Radiation may cause immune activation through cytokine signaling and tumor antigen release [75, 76]. However, PD-L1 expression in tumors has been reported to be upregulated by radiation exposure in both pre-clinical and clinical settings and can suppress the immunogenic effect on tumors [75, 76, 77, 78]. ICIs block the immunosuppressive mechanisms of cancer cells and have a synergistic effect in combination with radiotherapy [75, 77]. The addition of durvalumab was proven to benefit disease control and survival after definitive chemoradiotherapy for locally advanced NSCLC [28, 31, 32]. The density of CD8+ tumor-infiltrating lymphocytes was significantly associated with favorable survival in locally advanced NSCLC patients undergoing chemoradiotherapy . In their report, PD-L1 expression, which could be blocked by ICIs, was associated with inferior survival. In addition, radiation-induced lymphopenia has been reported to be associated with inferior survival [80, 81]. Therefore, radiotherapy will be modified to enhance the immune response to tumors. Hypofractionated regimens might have less immunosuppressive effects and are more appropriate than conventional fractionated regimens in terms of immune preservation [82, 83]. A clinical trial has been designed to test the addition of durvalumab to two schedules of radiotherapies of conventional and hypofractionated schedules (NCT03801902). Ongoing clinical trials in terms of definitive radiotherapy combined with ICIs are summarized in Table 2.
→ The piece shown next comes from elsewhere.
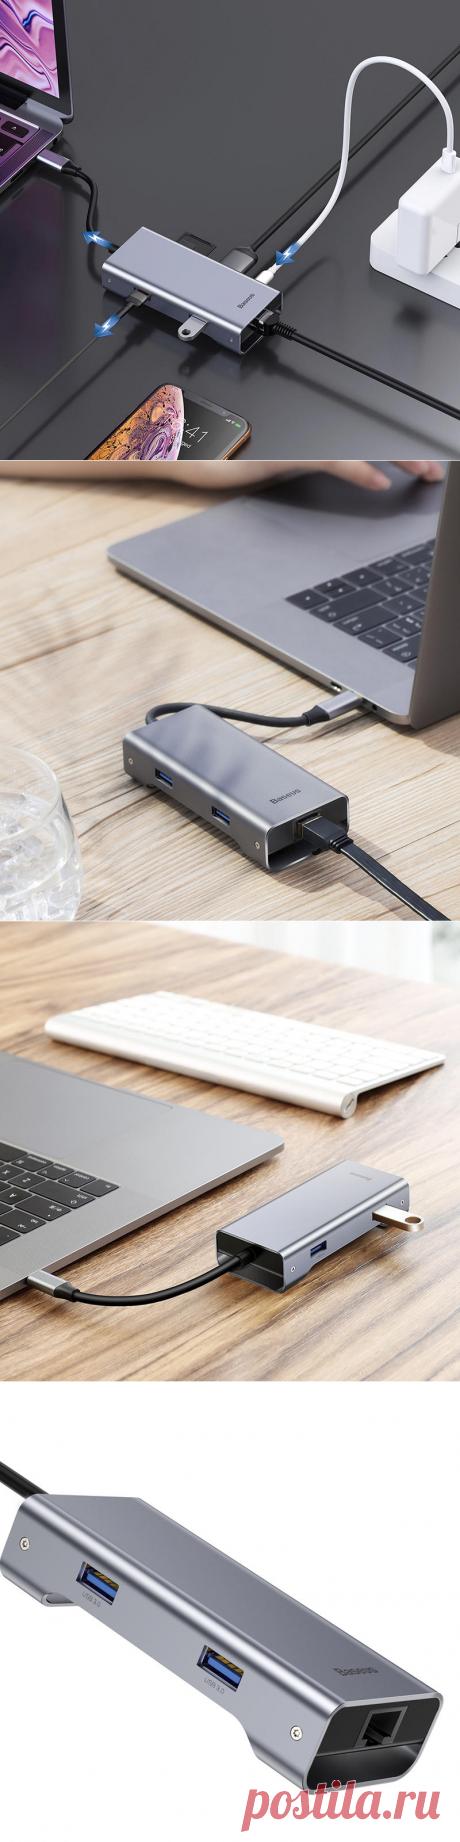 baseus 7-in-1 usb-c type-c usb hub adapter with 2 usb 3.0 ports/usb-c pd charging port/rj45 gigabit ethernet port/4k hd/memory card reader Sale

|Study design||Brief of treatment|
|NCT04432142||Phase 2||Immune changes after concurrent chemoradiation followed by durvalumab|
|NCT03589547||Phase 2||Durvalumab and consolidation SBRT following chemoradiation|
|NCT04092283||Phase 3||Durvalumab as concurrent and consolidative therapy or consolidative therapy alone|
|NCT03801902||Phase 1||Accelerated or conventionally fractionated radiotherapy combined with durvalumab|
|NCT03663166||Phase 1, 2||Chemoradiotherapy with ipilimumab followed by nivolumab|
|NCT04310020||Phase 2||Hypofractionated radiotherapy followed by atezolizumab|
|NCT03693300||Phase 2||Durvalumab following sequential chemotherapy and radiotherapy|
|NCT04249362||Phase 2||Durvalumab following radiotherapy (standard or hypofractionated bioequivalent dose)|
|NCT04392505||Phase 2||Investigating biomarkers related to chemoradiation followed by durvalumab|
|NCT04505267||Phase 1||Reirradiation with NBTXR3 for locoregional recurrence|
PTV size can be associated with circulating blood, including the leukocytes . Thus, IFRT is appropriate in terms of not only reducing the risk of pneumonitis but also preservation of the host immune system. Ladbury et al. have presented a predictive model of the estimated dose of radiation to immune cells, which was calculated using the radiation doses for heart, lung, body, and number of fractions, and was associated with cancer-specific outcomes . Thereafter, sparing the host immune system will be discussed, and new optimizing theory for IMRT should be investigated in the future. Radio-immune therapy strategy is giving a new direction to radiotherapy and is warranted to explore future definitive radiotherapy for locally advanced NSCLC.
In this chapter, the historical improvement and the current recommendation of definitive radiotherapy for locally advanced NSCLC are described. The current standard treatment for locally advanced NSCLC is definitive radiotherapy, concurrently combined with chemotherapy, followed by anti-PD-L1 treatment. In order to improve outcomes and minimize radiation-induced toxicity, IMRT using an involved-field under modern management of respiration is a present recommendation in this chapter. An optimal combination of radiotherapy and immunotherapy should be warranted in a future investigation.
This work was supported by JSPS KAKENHI Grant Number JP20K08093.